Index

Roads in floodplains

Key message

  • Roads have a major impact on flood plain – hydrology: they often dissect the flood plain in a wetter and drier section;
  • Bridges may constrict the flood plain. whereas bridge sills may raise water and silt levels;
  • Road building in flood plain requires special attention to keep flood plain conditions alive and prevent uncontrolled breaking of the roaded embankment.

Main techniques:

  • Adequate drainage (with fish passage) through French mattresses and culverts will preserve the flood plain conditions
  • Low embankment roads with floodways may facilitate controlled flooding into wetland areas or recharge zones
  • Submerigible roads can made in flood plain that are inundated for part of the year.
Impact of Gambela-Lare road on wetland vegetation: 1984-2016, Ethiopia
Impact of Gambela-Lare road on wetland vegetation: 1984-2016, Ethiopia

Floodplains are among the highest-potential areas for agriculture in the world, bringing together many different functions. A cautious estimate is that 50 million ha are under floodplains globally, many of them relatively pristine. Floodplains are also vulnerable to relatively minor changes in hydrology: changes in the water supply upstream or changes in the morphology of the floodplains themselves can have a drastic impact.

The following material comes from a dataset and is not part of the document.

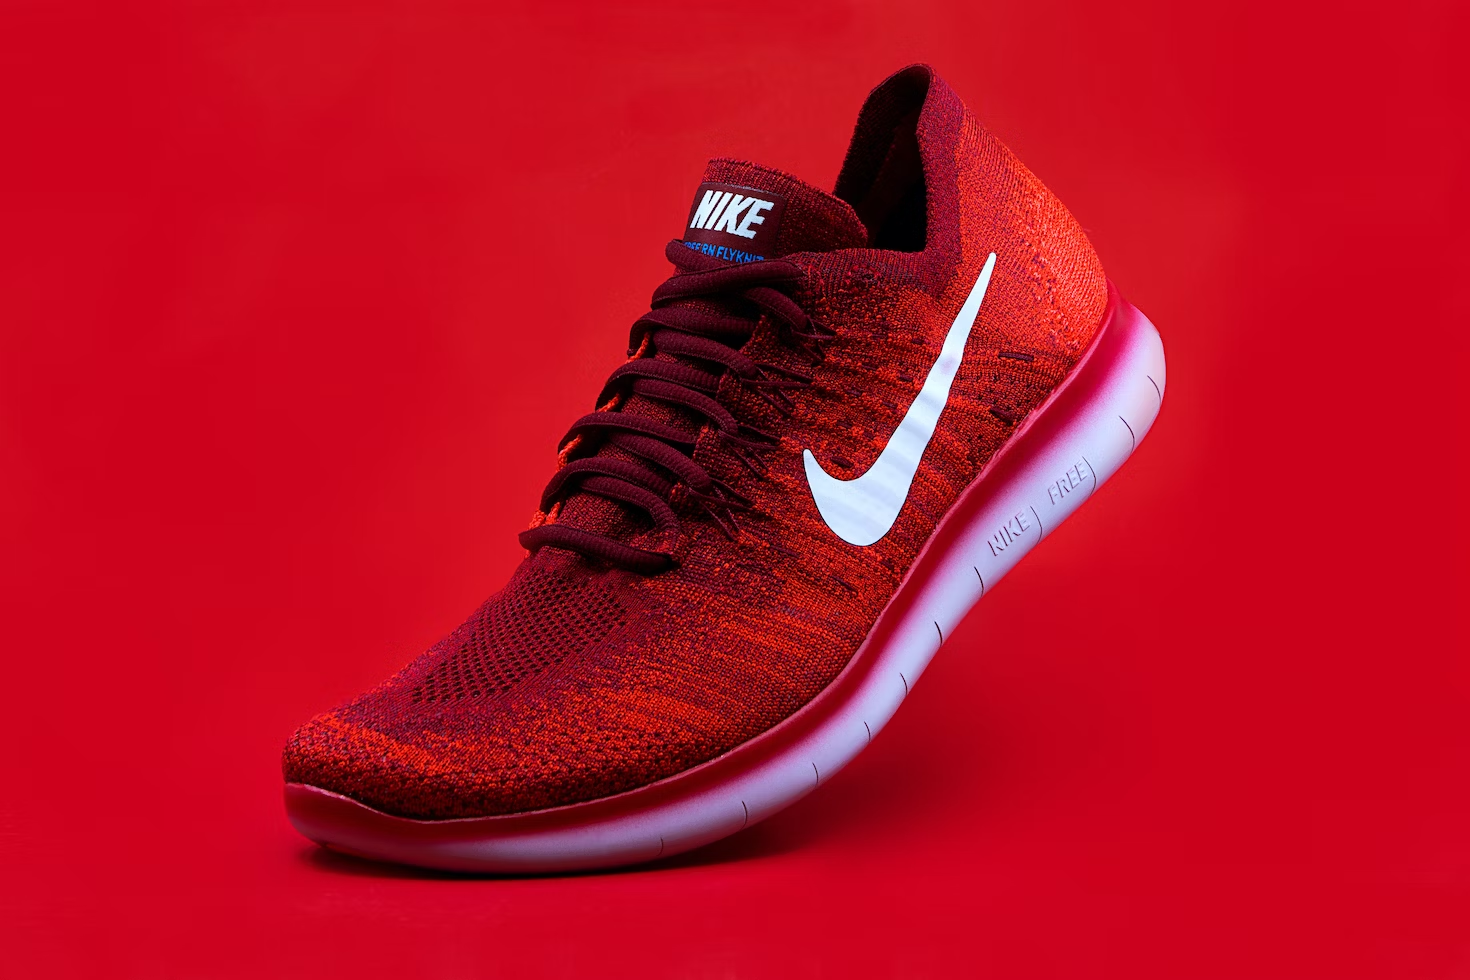 A red Nike Free running shoe against a red background. The shoe has a low-top design with a knit upper that appears to offer breathability and flexibility.

The development of roads in low-lying floodplains presents a special challenge and opportunity: roads in these terrains have a major effect on the area’s hydrology, both positive and negative. Roads, if built properly, will preserve and even enhance the different ecosystem services of the floodplains, but they may also undermine the floodplain, cause it to silt up, dry up, or be permanently inundated.

 

A road passing through a low-lying floodplain alters the movement of water within the floodplain and with it the wetland ecosystem and flood-based livelihoods: fishery, rangeland or flood recession, or flood-rise agriculture. This is particularly true when the road is constructed on a high, impermeable embankment. This type of road acts as a barrier that divides the floodplain into wet and dry zones. The wet zone on the upstream side will have floodwater spreading along the road embankment. In the dry zone, on the downstream side of the embankment, floodwater will be obstructed from entering. It is important to take this effect into account: it can be used to plan land use in floodplain areas. Furthermore, cross-drainage structures on these roads in particular can have a significant effect on water management. The objective of this chapter is to discuss the opportunities and recommended practices in constructing roads in floodplains.

Dry and wet side of road in Gambela Floodplain, Ethiopia
Dry and wet side of road in Gambela Floodplain, Ethiopia

The opportunities for using roads to manage floodplains differ with the type of floodplain and its predominant use. In relatively dry floodplain areas, floodwater can, for instance, be stored in the upstream zone for use in the dry season. In wetter floodplains, the road will create wetter conditions in the upstream areas, affecting the local ecology and creating conditions conducive to the cultivation of submerged crops such as rice or sugarcane. It is also important to take into account the possible effects of road construction on land submergence and silt deposition: a road or bridge in a floodplain that blocks the movement of floodwater can cause land levels to rise. Competing interests of upstream and downstream communities on either side of the road can lead to conflicts.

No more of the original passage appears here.